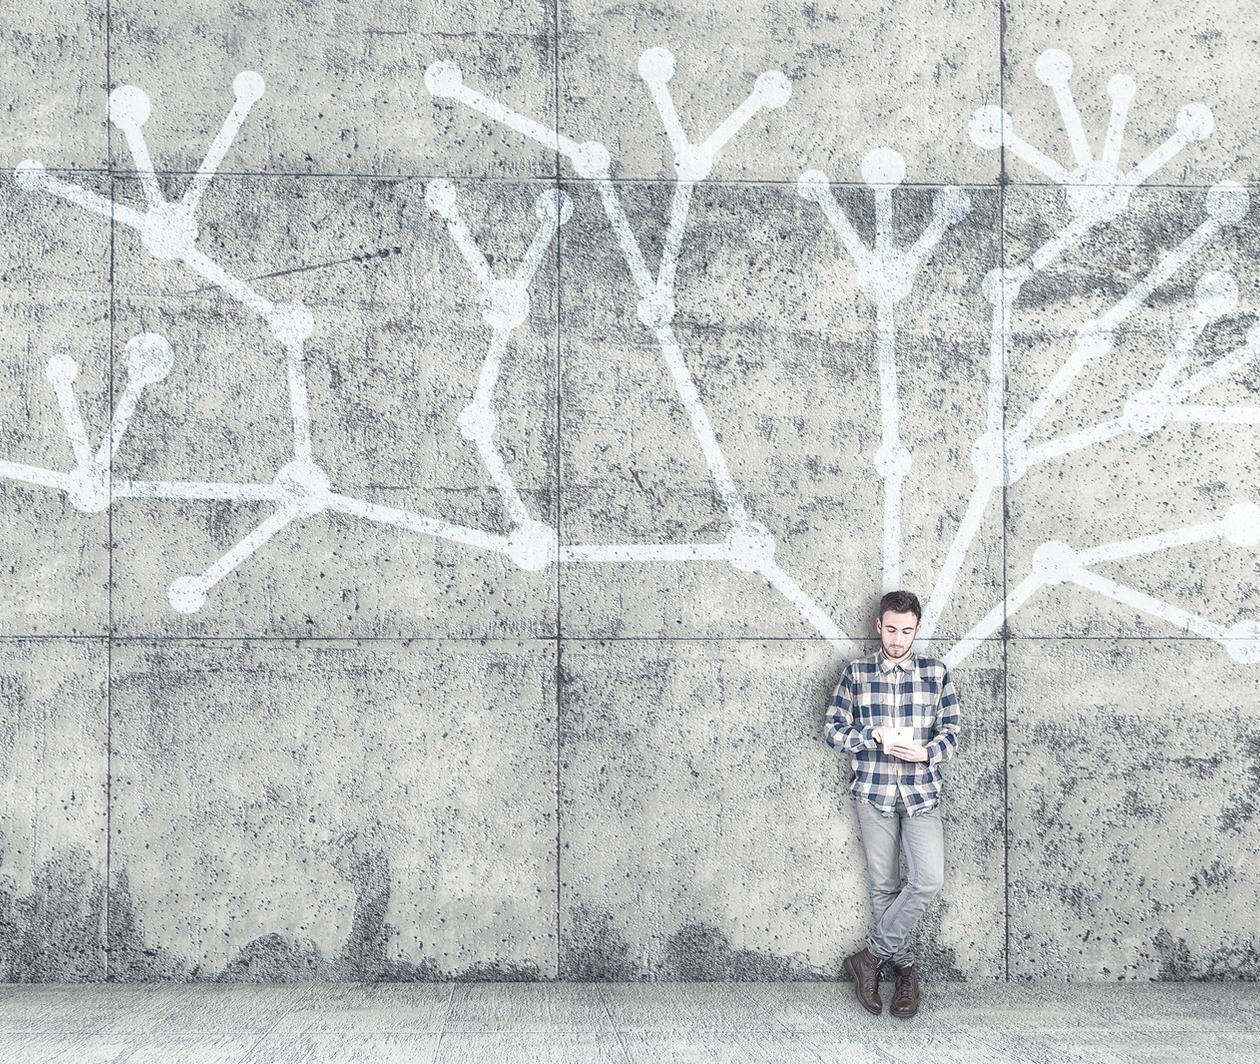 聪明自闭症 - 中文版本: 帮助自闭症人士寻找适合自己的科技产品
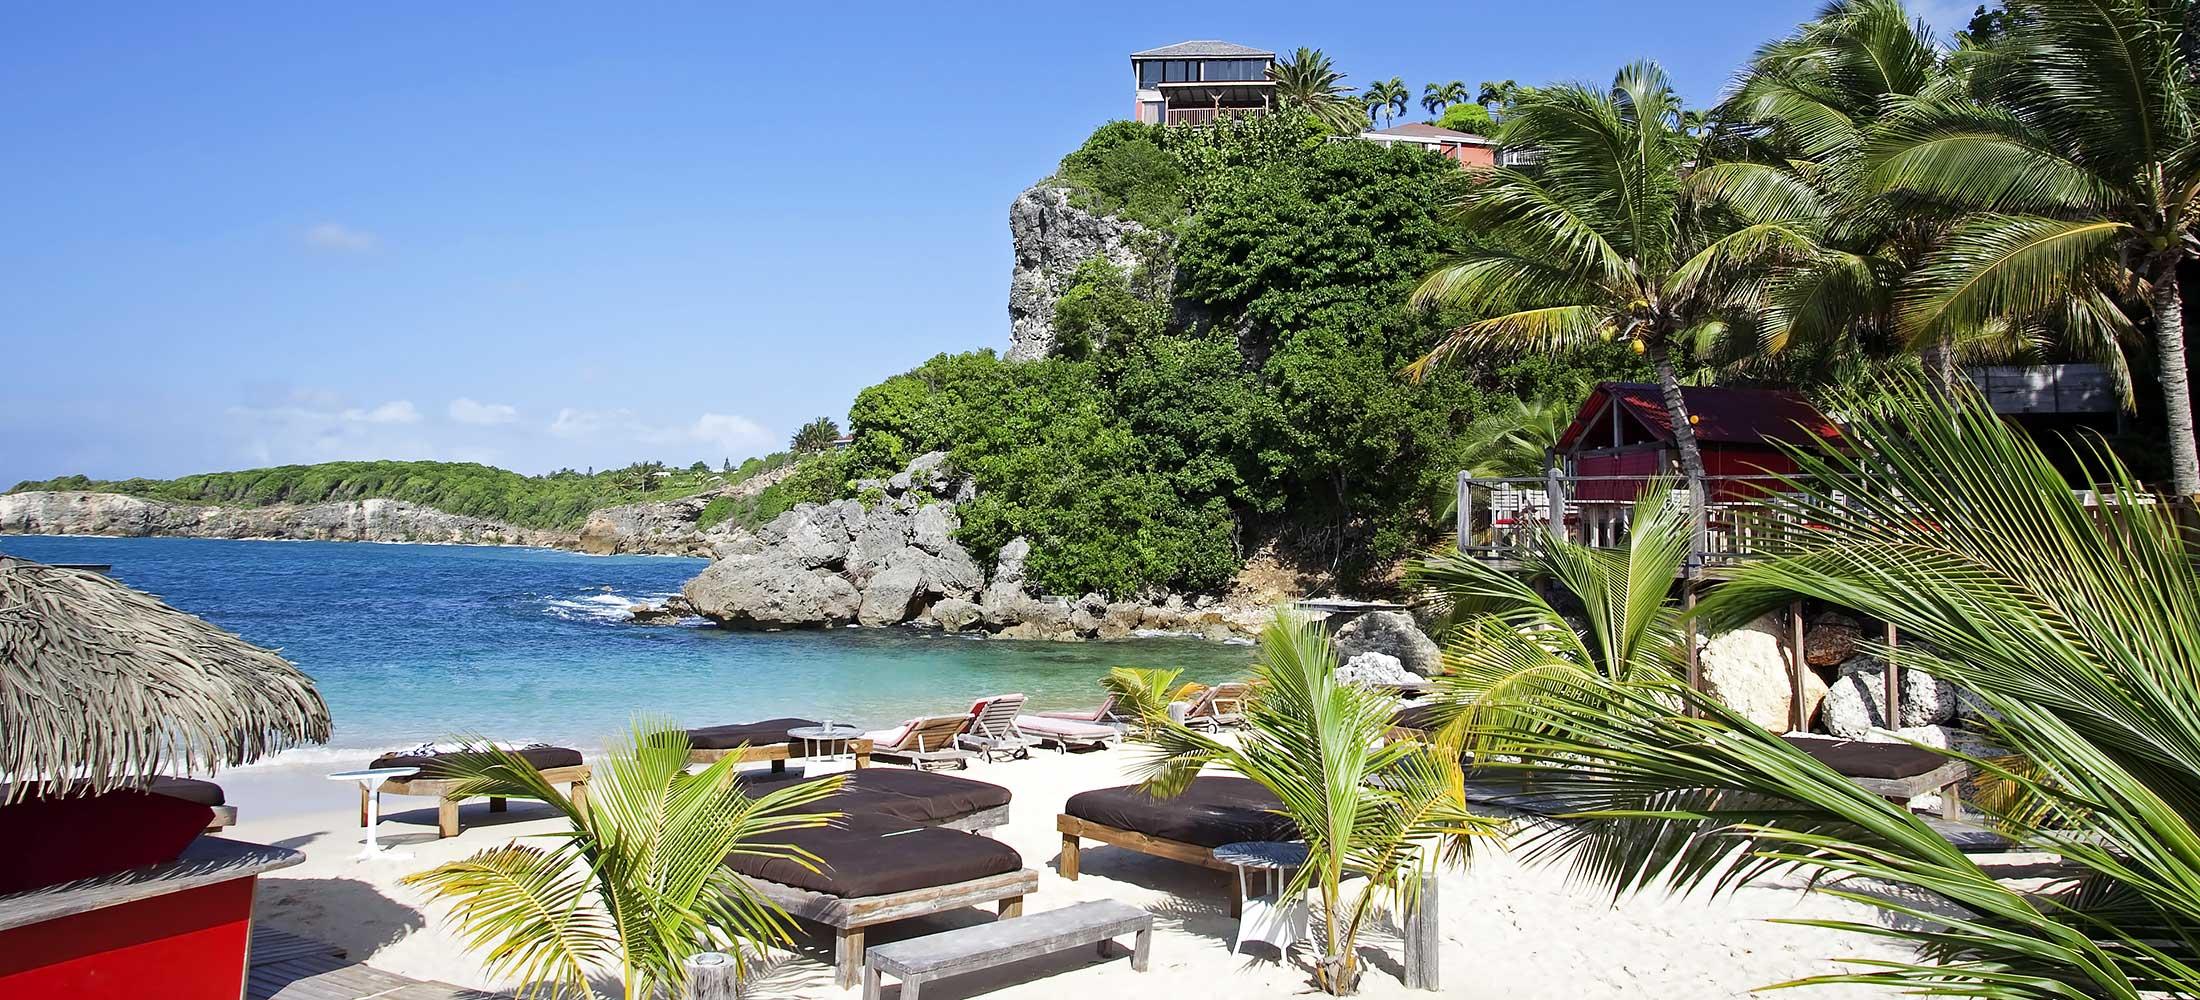 La toubana hotel spa guadeloupe v stindienspecialisten for Hotel design guadeloupe
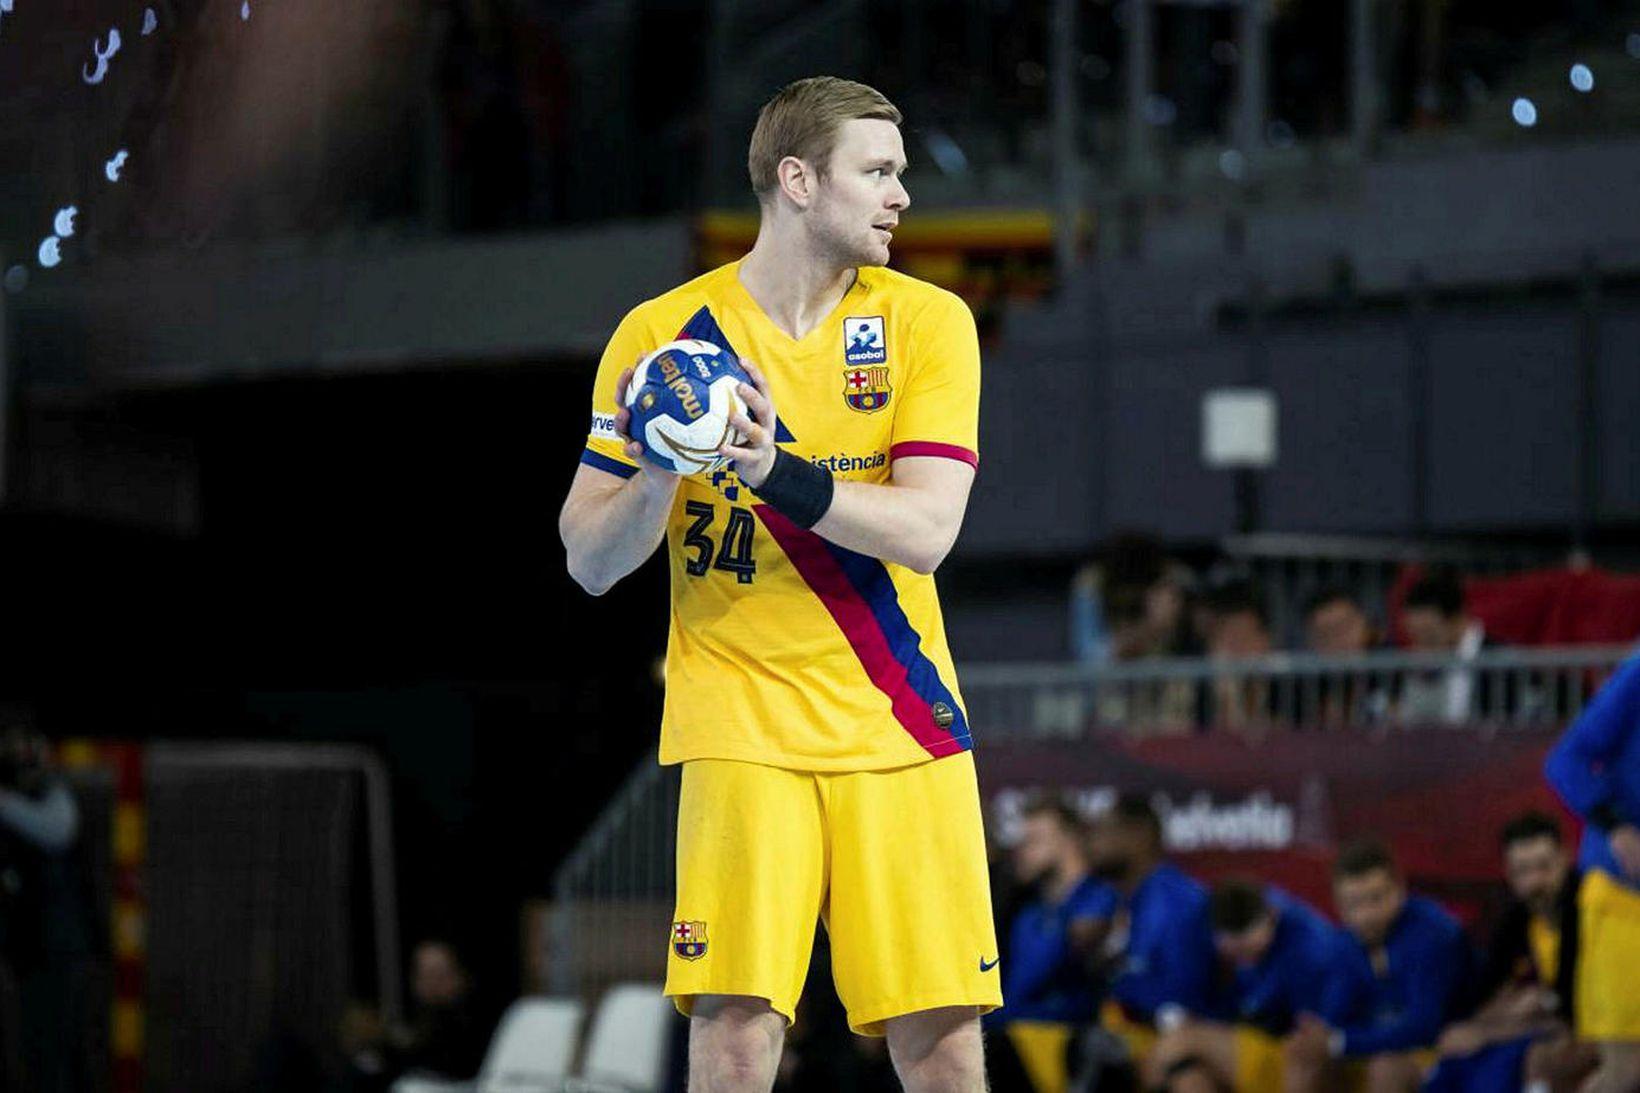 Aron Pálmarsson hefur leikið með Barcelona frá árinu 2017.

****

## Problem details
When you repeat the lines above, keep them exact and leave out each image they contain.

## Answer space
 聪明自闭症 - 中文版本: 帮助自闭症人士寻找适合自己的科技产品
 La toubana hotel spa guadeloupe v stindienspecialisten for Hotel design guadeloupe
 Aron Pálmarsson hefur leikið með Barcelona frá árinu 2017.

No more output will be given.